Время от времени меня перекидывало на постели удушье, тут же выташнивало, выворачивало в подставленный мамой тазик, и с набрякшей головой я кашлял, давился, выплевывал желчь, пугающую кровавой окраской. После было, горячо во рту, сознание мутилось, кто-то тенью возникал в белой пелене перед кроватью, говорил о температуре сорок, все летнее за окном уходило, уплывало за тридевять земель, и мимо чудесного веснушчатого, как сорочье яйцо, лика девочки проходили в морском заливе яхты под парусами, а я, сильный, небрежный, вел первый швертбот, сидя на корме, держа одной рукой румпель, другой грота-шкот; возле, на банках яхты, продутой насквозь ветром, сидели в садках голуби, и я должен был «подкинуть» их под чужую стаю на глазах знакомой девочки, без которой не мог жить…

Потом возникала погоня во вселенной – в звездной метели среди гудящего мрака нечто зверски оскаленное, имеющее злобную власть надо мной и той девочкой; эта власть неизвестной силы преследовала меня, окружала, швыряла протуберанцами зазубренных копий, они проносились в миллиметре от головы, обжигая волосы, кожу лба, они ослепляли, а два огненных копья торчали в моих ногах, мотались, тянули пудовыми гирями. И, немо крича, я падал с огромной высоты в узкое ущелье, на дне которого бурлила меж камней горная река; вокруг по склонам возвышались каменные стены древних замков с зубчатыми башнями, стрельчатыми бойницами, с подвесными мостами через рвы, и оттуда, из двориков, грозно изготовились рыцарские доспехи, щиты, забрала – там стояли враждебные войска и злорадно, ждали, когда я упаду и разобьюсь вдребезги о гранитные плиты соборной площади или буду нанизан на длинные иглы пик, выставленных железным лесом в небо, откуда падал я в свою смерть.

Я знал, что спасение мое – зацепиться за золотой крест, на купола собора, во что бы то ни стало задержать падение тела, выдернуть копья из пробитых ног, освободиться от боли, жгущей огнем… («Кто же я был? Святой Себастьян?»)

Я схватился руками за металлическую перекладину креста, но зацепиться не смог – и, падая, с треском выворачивая крест, покатился с высоты вниз, скользя пятками по скату крутого купола, в крутящуюся пропасть начавшегося пожара, из лохматого неистовства которого торчали на кольях отрубленные пустоглазые человеческие головы.

Но в этом диком буйстве мучений и крови кто-то любил меня, и я любил кого-то с отрешенностью и безнадежностью. Она же то сидела, независимая, на перилах крыльца, болтая ногами в сандалиях, то стояла у забора под кустом акации и разгрызала стручок, глядя исподлобья неподступными глазами, а я везде искал ее, я хотел, чтобы она пожалела меня, познала мои страдания в борьбе с коварными врагами и потому пришла бы туда, где должна увидеть меня в последний раз, проститься, заплакать от любви…

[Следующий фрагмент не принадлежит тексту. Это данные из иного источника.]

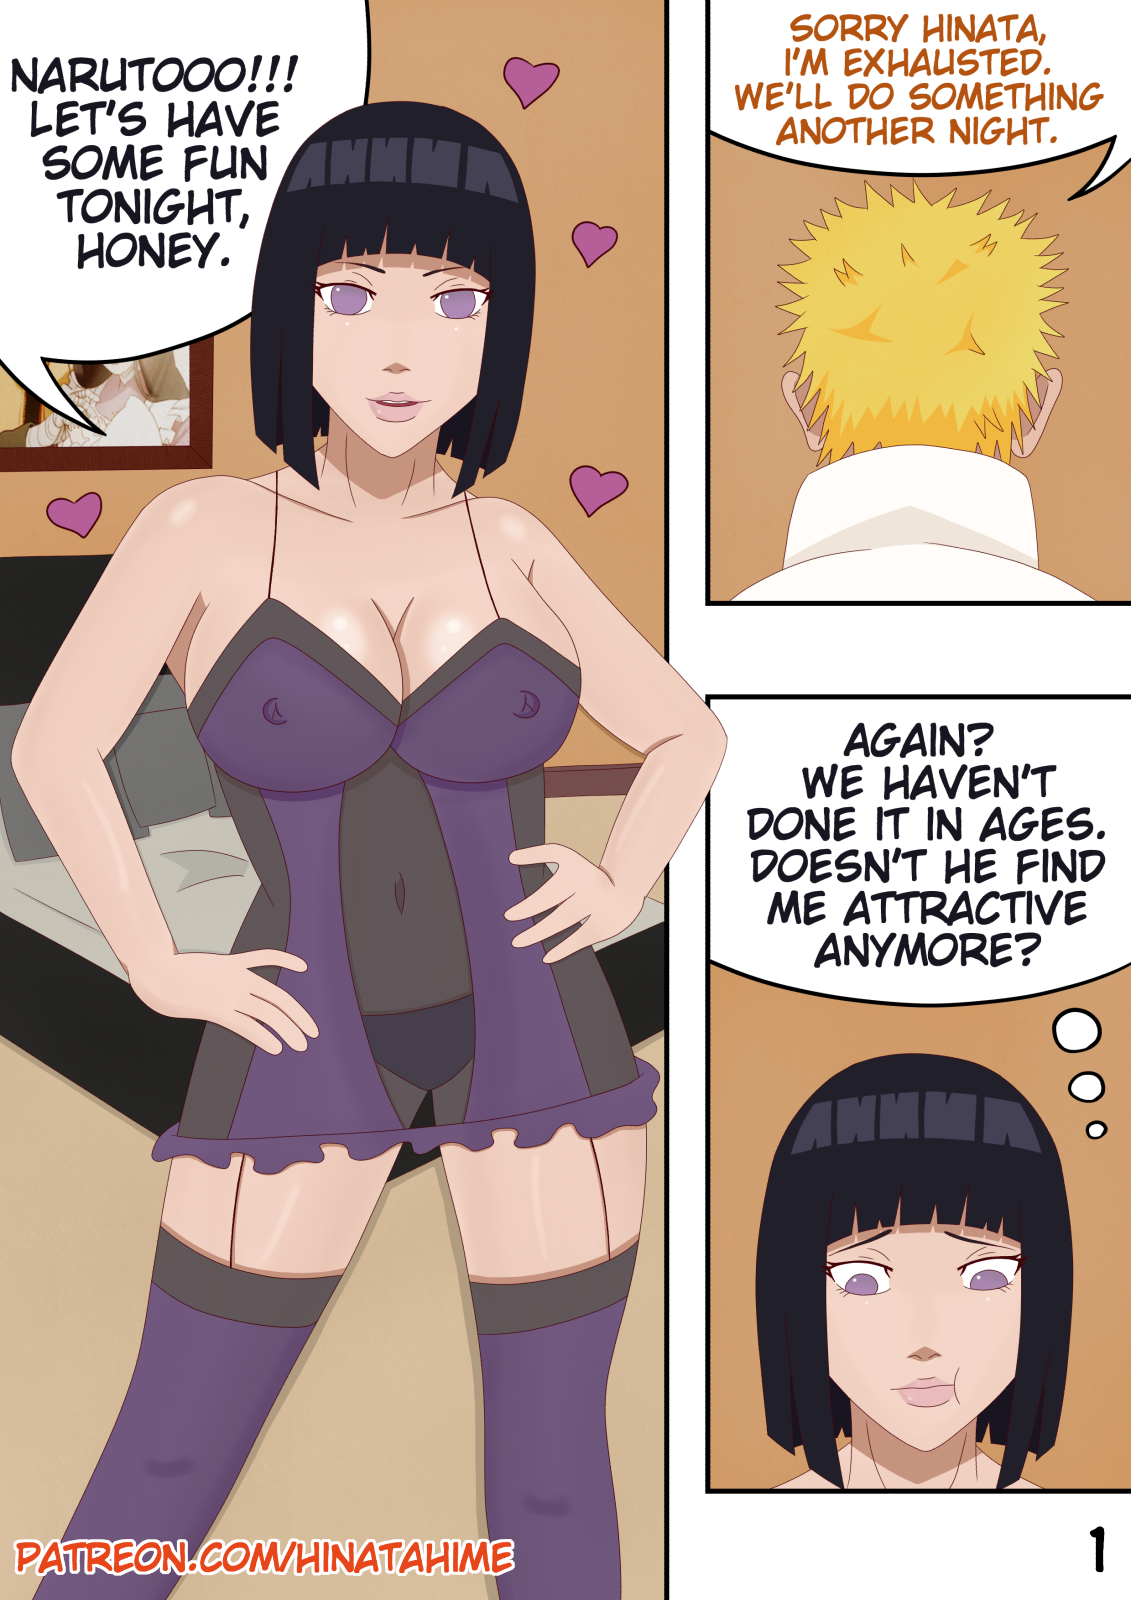 Naruto Hinata porno fumettinero micio squirt Tumblr

Я хотел предсмертно лежать спиной на камнях, головой на ее коленях, чувствовать ее залитые слезами губы, видеть ее глаза. О, какое это несказанное наслаждение было умирать на ее коленях и ощущать сокровенное дуновение шепчущего голоса: «Я люблю тебя…» И я тоже плакал от преданности этой девочки нашей любви (которой никогда не было) и в то же время краем воспаленного сознания понимал, что все происходит в бреду, это опять приступ…

Тогда я вскидывался на кровати – чудилось: она, вернувшись с портфельчиком из школы, расширив глаза, смотрела, заглядывала со двора в окно, и возможно слышала мои бредовые слова. На краткую минуту я различал окно, сбоку кровати, с тюлевой занавеской. Нет, никто не заглядывал в комнату («Где она? Где?»), а издали как-то разделенно доносились детские голоса, солнце стрелами пронизывало наискось листву дворовых лип – и не было ни ее колен, ни ее жалости.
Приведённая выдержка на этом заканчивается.